NEW YEAR WAS FUN,& NOW THERE'S ALL THE CASH TO SPEND, ALTHOUGH I HAVE NOT MUCH LEFT NOW ):
i've taken my life into check lately. i've done some things wrong, some right. nice to say i've righted most of those wrongs already. the others, well, still working on it. GOD, you have no idea how much i would appreciate it if i could just talk to you face-to-face right now. i need someone who wont judge me. and maybe tell me the truth of what i'm doing. whether i'm right or i'm wrong. whether it's love or selfishness. only YOU can answer that.

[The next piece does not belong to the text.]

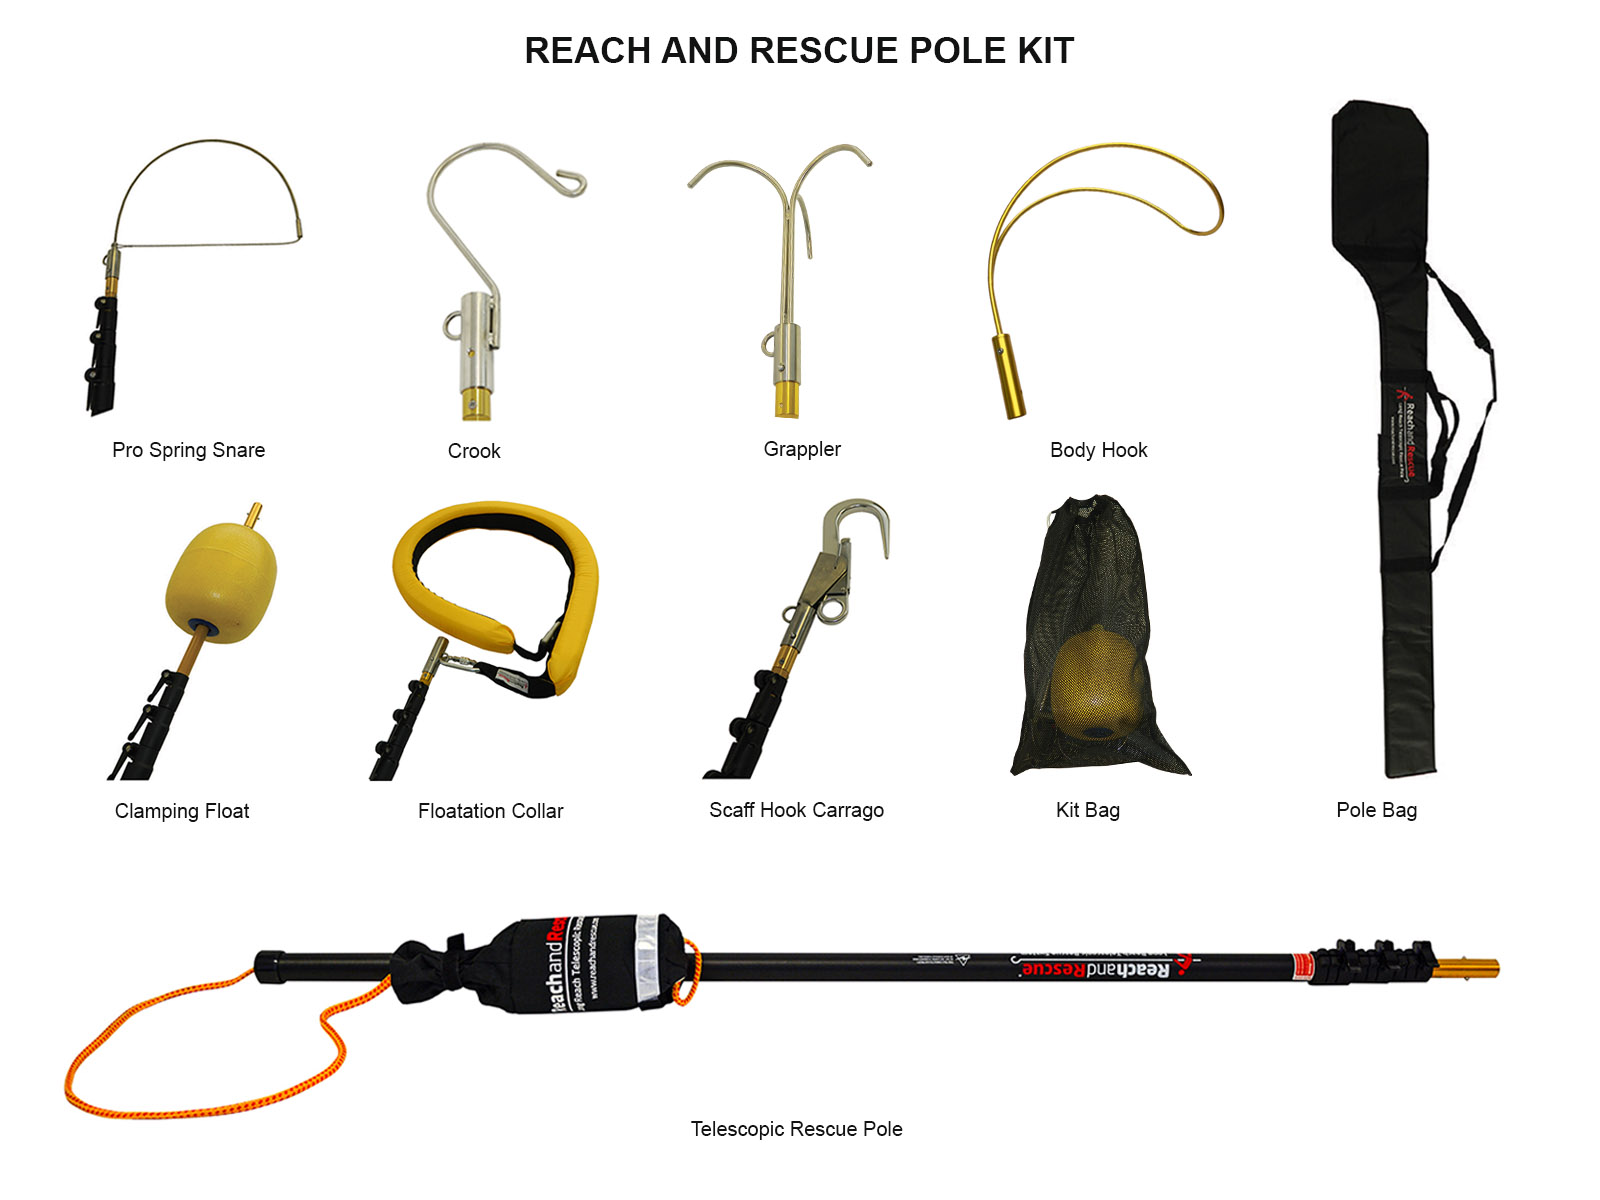 RRUKP-Reach-and-Rescue-Pole-Kit_1.jpg

went for the first training aft cny(: i was exasperated by some MF.SHUT UP WHEN U DUNKNOW ANYTHING LA BITCH! aft awhile i cooled down get into some serious business.60 sets of staircase run.so happy la.at least it speed up the process of slimming down(:
so here we go again. when it involves three people. i'm always at the losing end. and i really do feel like a loser now. and its funny how everytime we fight. it won't turn out so bad in the middle. and the end is always unpredictable. i was super emo last night. and i ended up crying myself to sleep. i swear.i almost died last night. so the next time you all see me. i might be on tv. for being dead.unnaturally. yeah.maybe i'll get banged down by a car. cause remember when i say.its all going to be over soon.

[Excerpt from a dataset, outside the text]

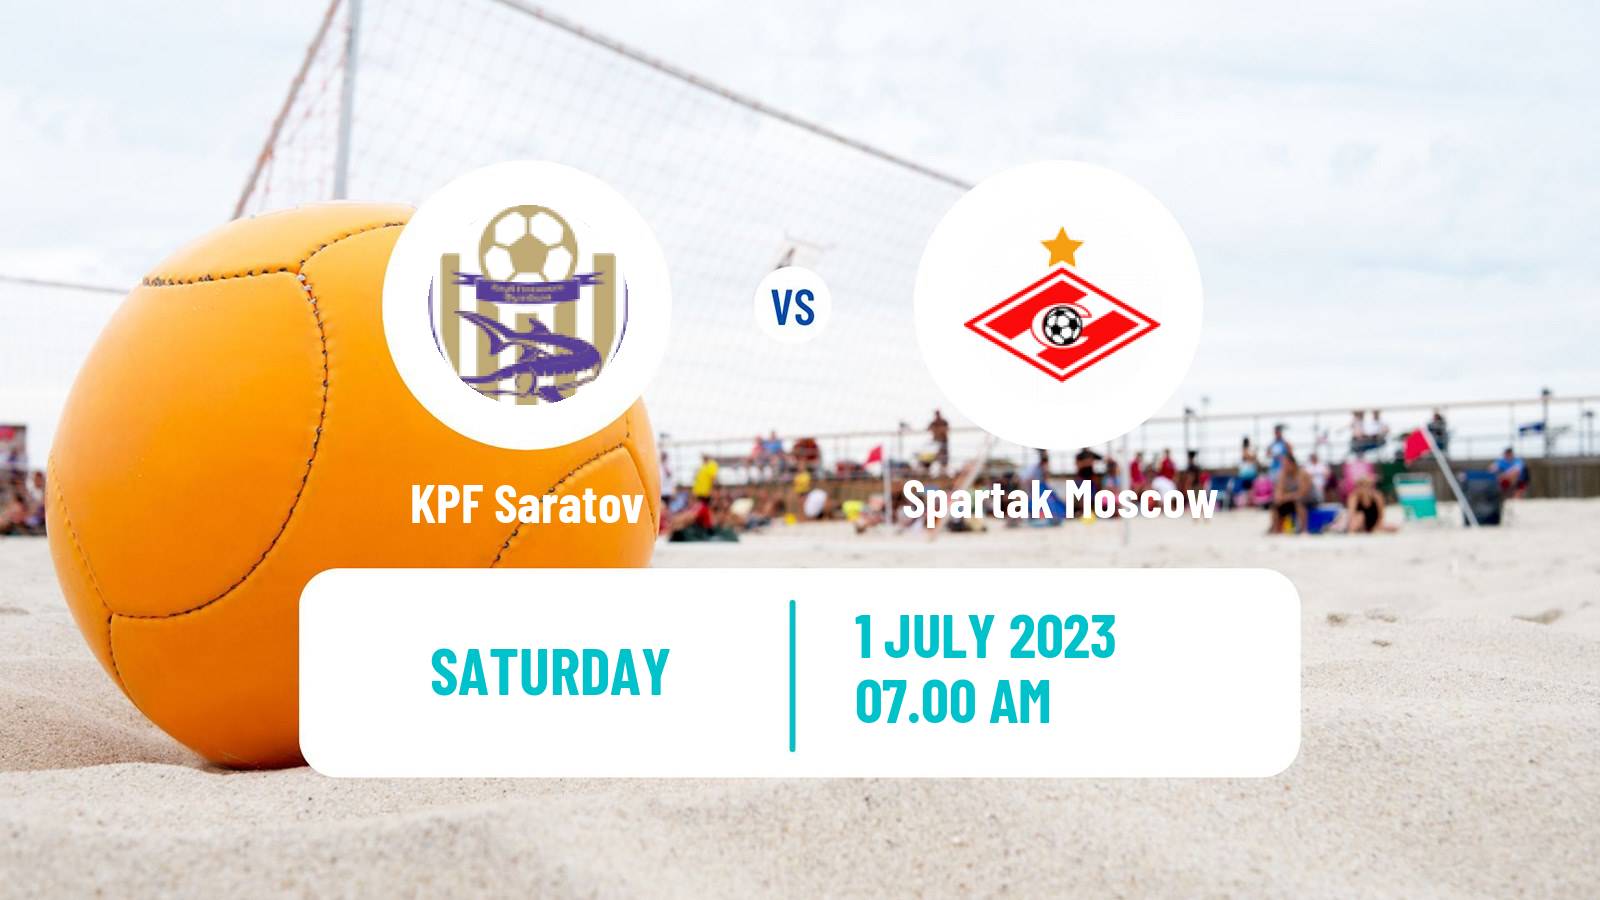 Beach soccer Superliga KPF Saratov - Spartak Moscow

i'm proclaiming to you all. cause i'm on the brink of a breakdown. but i can't cry. i just dont know how to let it out. cause i dont know what exactly am i going through. i want to cry.but the tears won't come out. and the fucking radio isn't working. i'm not going to cut. i'm not going to throw things around. i won't punch the walls. i won't keep to myself. i just won't.
im still going emo for you. fuck. when it isn't supposed to be.
im going to fail A maths so badly. and i haven get my crumpler,levis shoe and NICE tops. oh well. shit happens.
eat,shit and sleep. guess who is it? i don't help those who give a fucked up attitude.so change that attitude of yours first.